# MAC Tinted Lipglass : Viva Glam V



## esoterica (Sep 6, 2008)

*Do you guys think that this would be a good everyday gloss for C8/NC50/NC55 complexion? 

Allegedly it's a neutral pink w/ pearl.
*


----------



## Lovey99 (Sep 6, 2008)

It is a great color.  I am NW47 and I wear it quite often....  

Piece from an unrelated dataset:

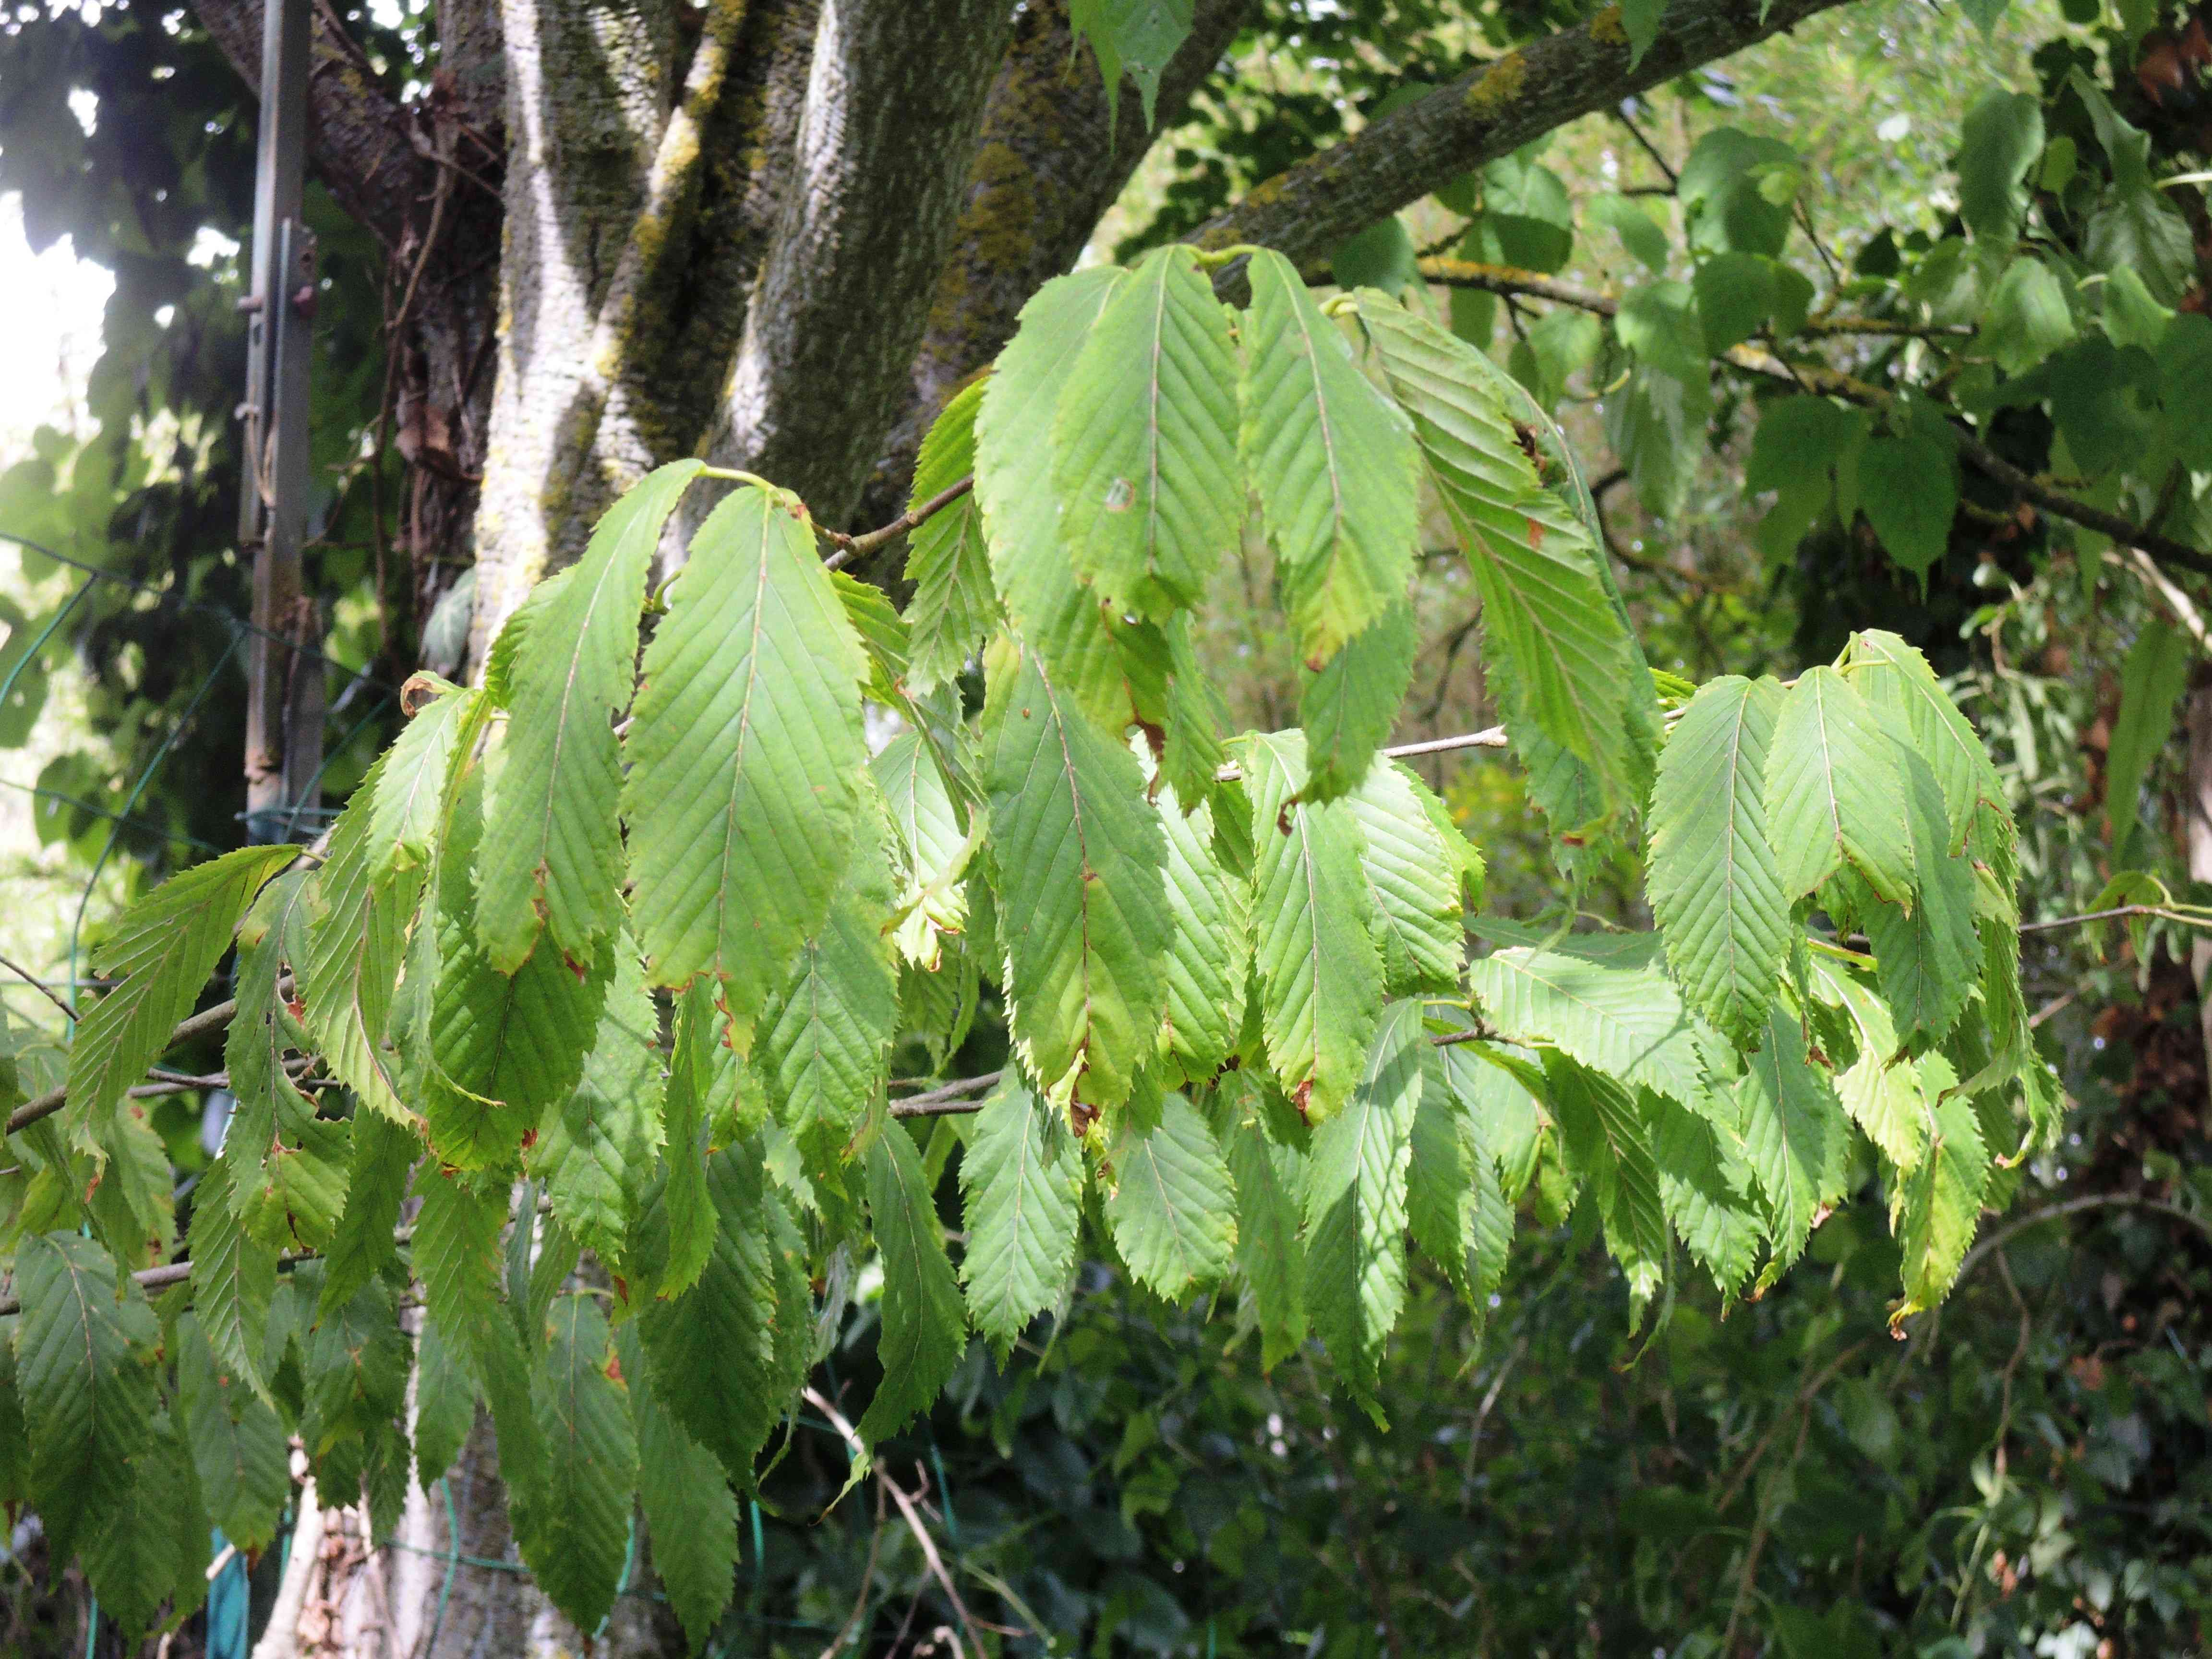 Acer Carpinifolium Acéracées

You can wear it daily and use different color lip pencils for different looks...velvetella, currant, nightmoth, vino, chestnut


----------



## esoterica (Sep 6, 2008)

*Excellent, thanks Lovey99. 
	

	
	
		
		

		
			




*


----------



## renee604 (Sep 7, 2008)

Viva glam V is a nice neutral pink on WoC. Im NW 45 and this is one of my favorites.


----------



## Film_Noir (Sep 8, 2008)

Yes, I wear NC50 and I love it.  I do use Chestnut lipliner with it though.


----------



## makeba (Sep 8, 2008)

i wear it often with plum lipliner


----------



## Laurie (Sep 8, 2008)

I'm NC 43 or so and I use it and I love eeeeetttt!! Ahhhhhh!! Reminds me of Mellow Mood [LE].. I use it with spice though..


----------



## bellezzadolce (Sep 9, 2008)

I'm NC 45 and I wear it with Plum, Cork, or Hodgepodge for a neautral look.


----------



## vita cooper (Sep 10, 2008)

so true. ive used this before & love the look. im also nw47


----------



## beauty_marked (Sep 10, 2008)

Definately an everyday color. I always throw it in my bag. Its such a great go to gloss.


----------



## LAMB4LIFE (Sep 11, 2008)

it's a must have for everyone, its soooo perfect!


----------